### [Data supplied]

=== Begin Enclosure ===

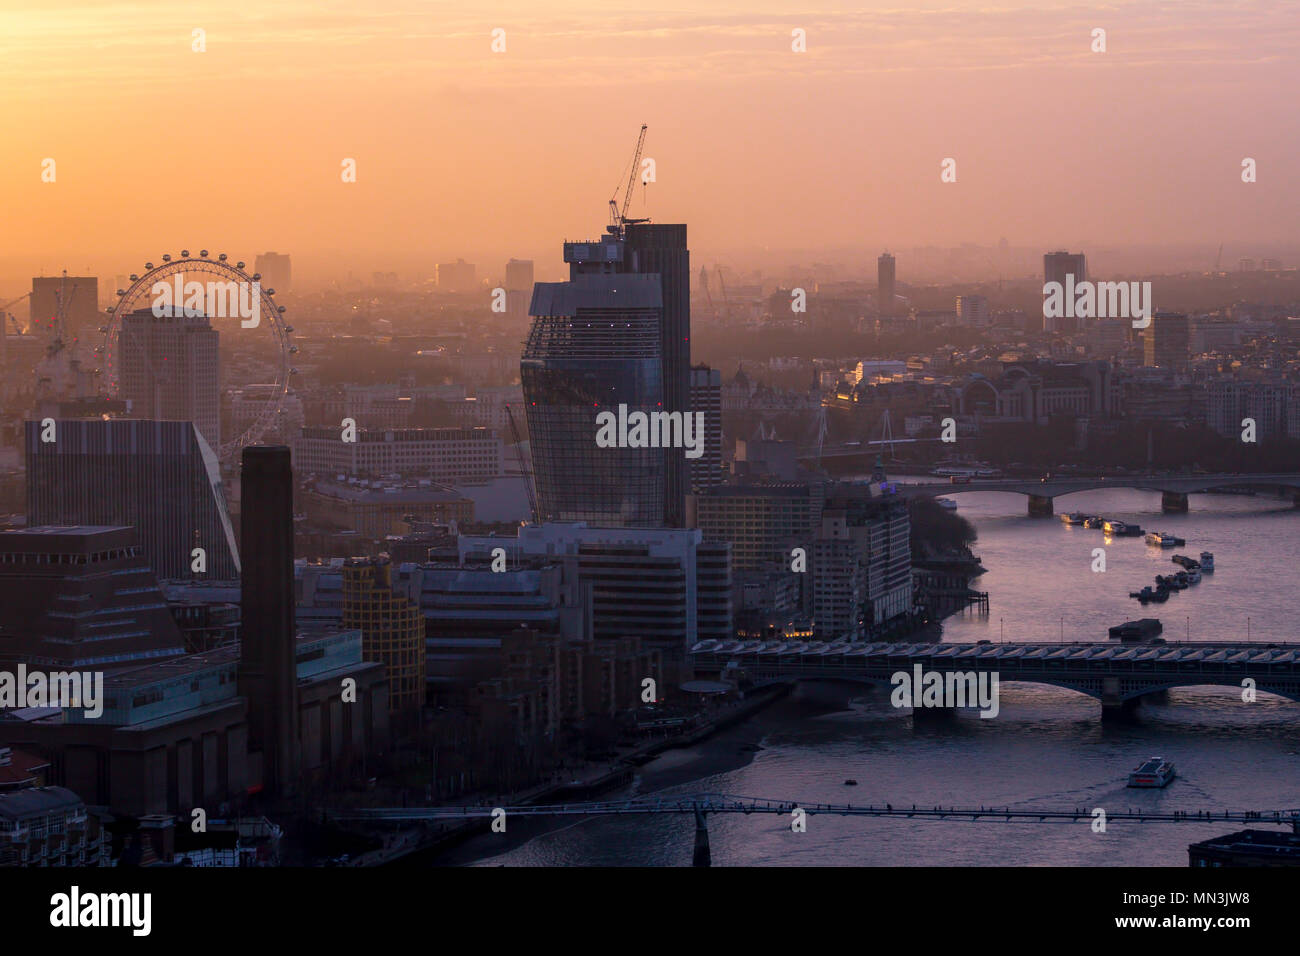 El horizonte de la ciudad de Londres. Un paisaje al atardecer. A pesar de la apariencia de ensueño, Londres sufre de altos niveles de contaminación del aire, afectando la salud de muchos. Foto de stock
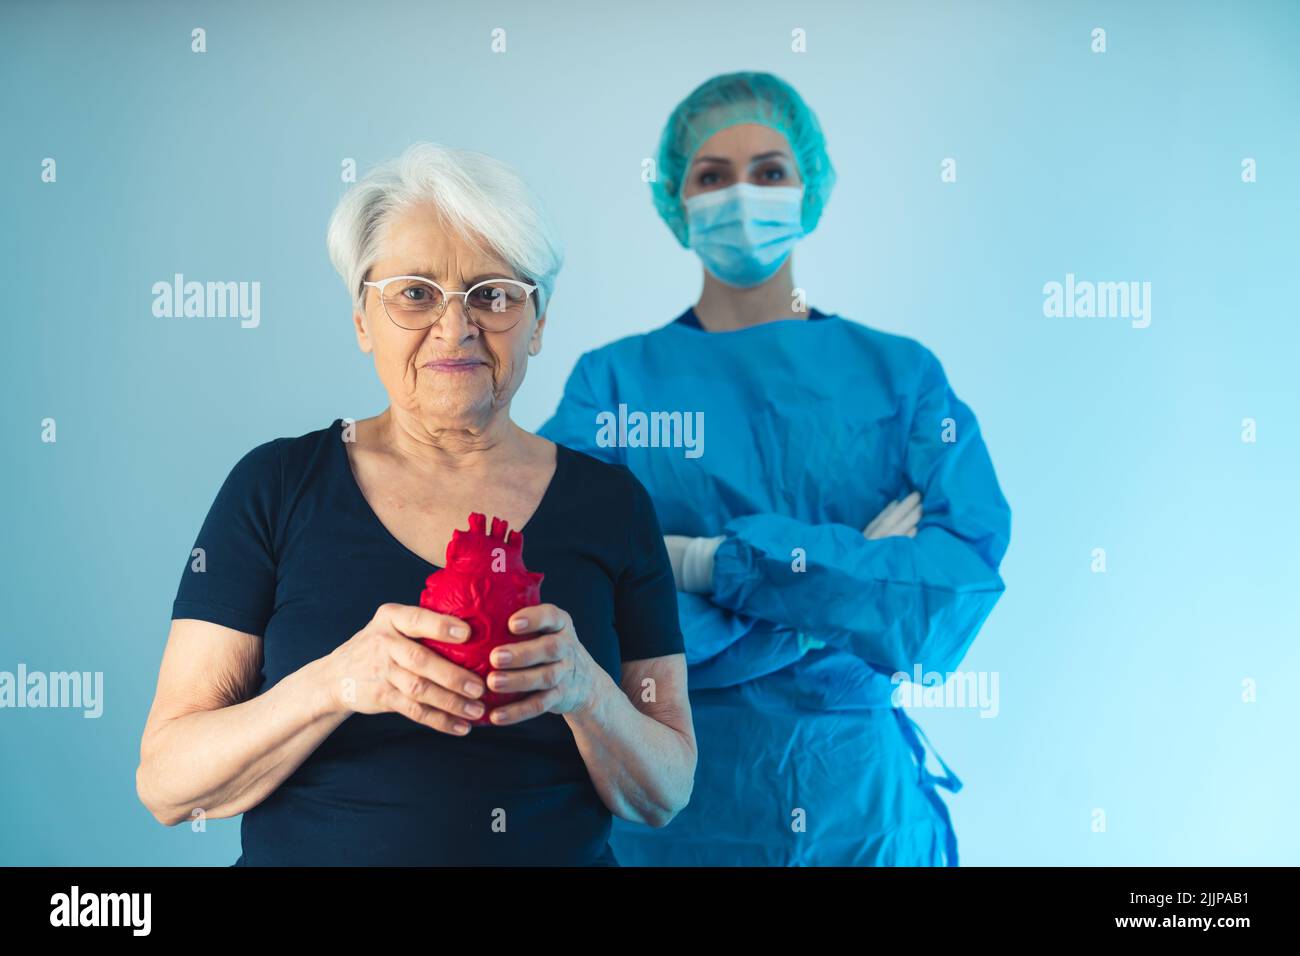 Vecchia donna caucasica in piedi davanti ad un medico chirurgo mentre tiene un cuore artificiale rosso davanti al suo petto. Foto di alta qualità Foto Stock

=== End Enclosure ===
=== Begin Enclosure ===

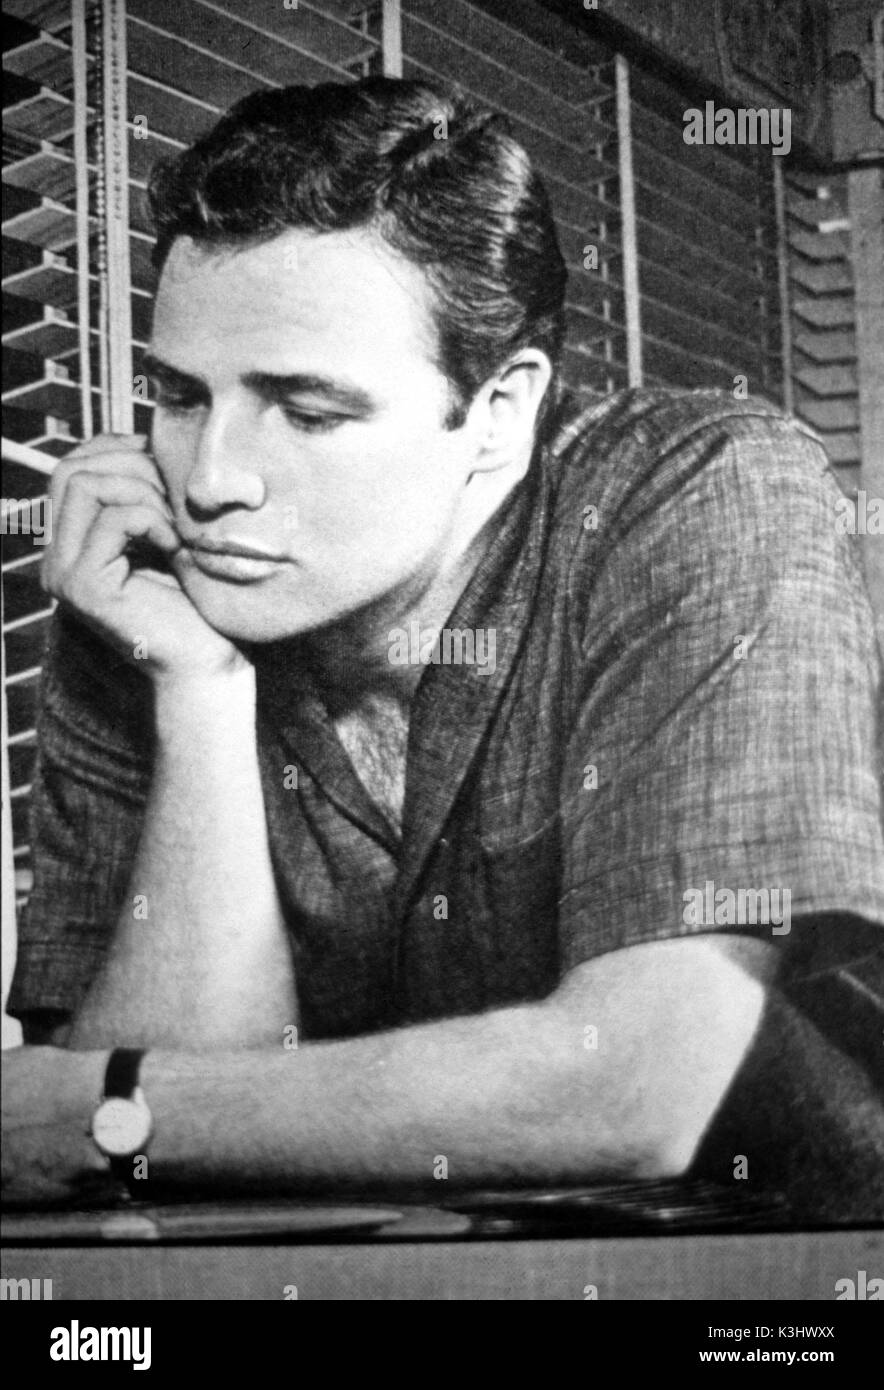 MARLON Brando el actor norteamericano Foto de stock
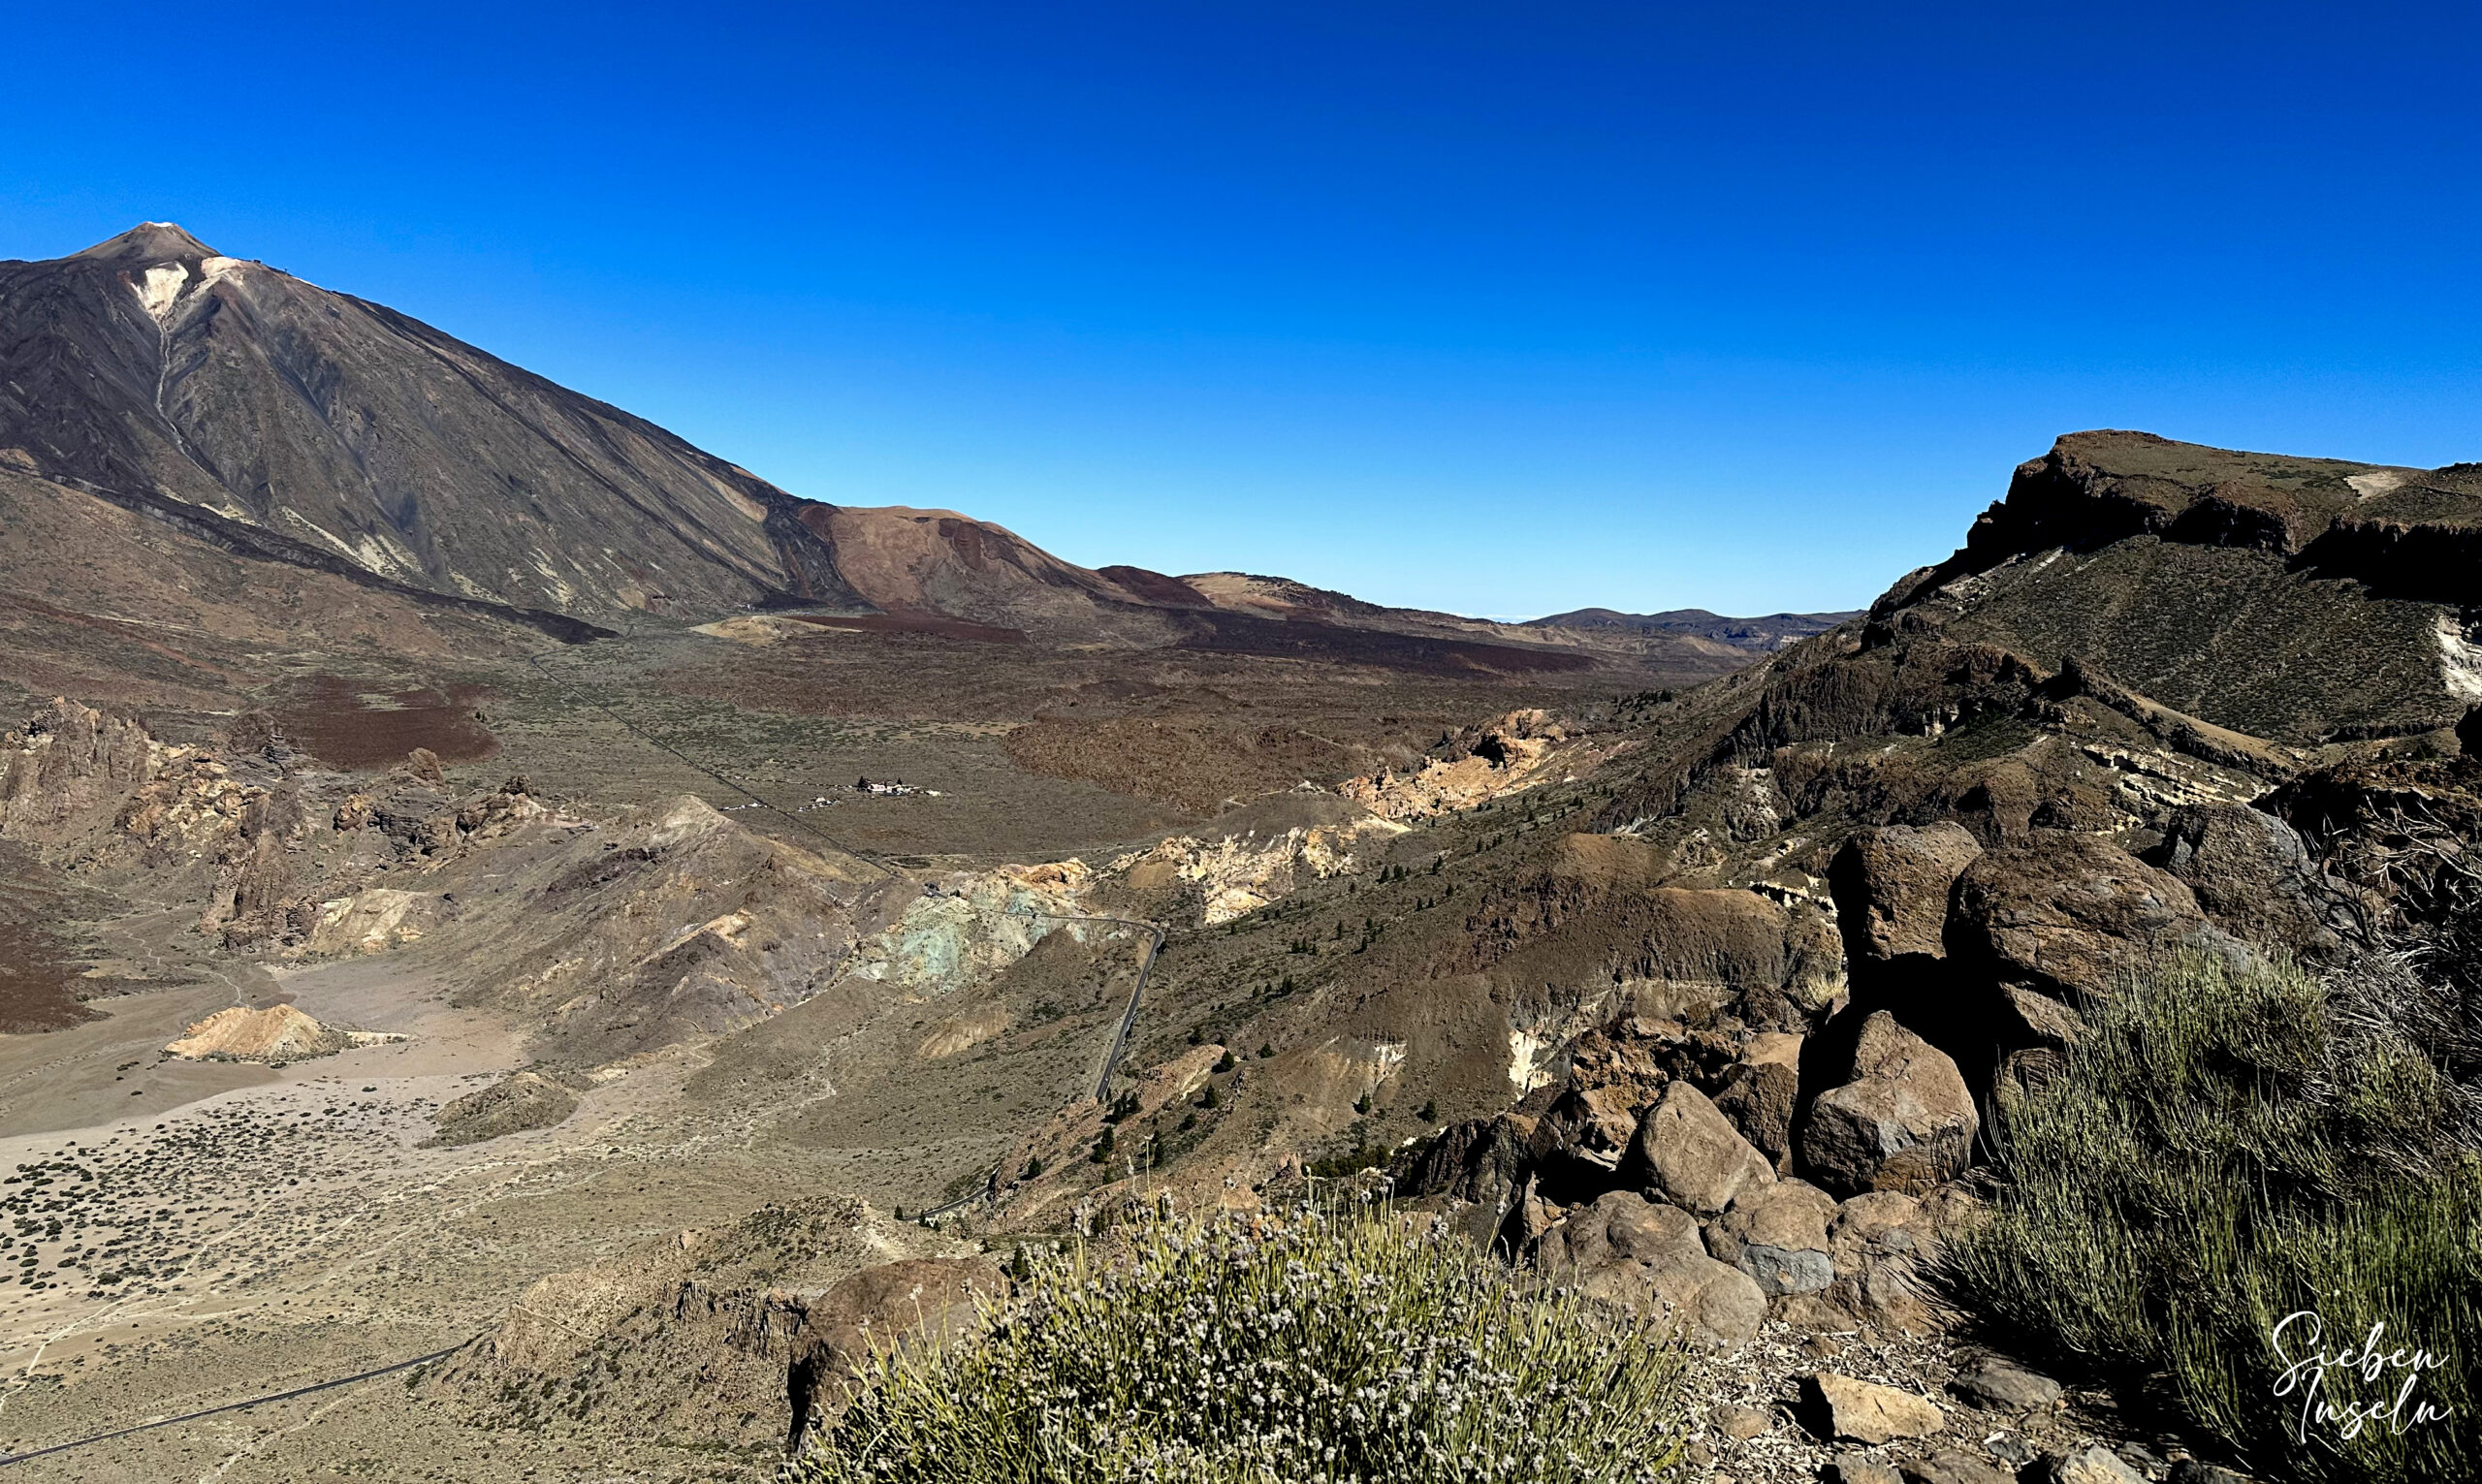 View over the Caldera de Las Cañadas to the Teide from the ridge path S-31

=== End Enclosure ===

### [What to do]
When you reach the line that has "MARLON Brando el" in the data above, start repeating lines exactly, and stop after the line that has "View over the"; pictures stay out.

### [Output for this task]
 MARLON Brando el actor norteamericano Foto de stock
 View over the Caldera de Las Cañadas to the Teide from the ridge path S-31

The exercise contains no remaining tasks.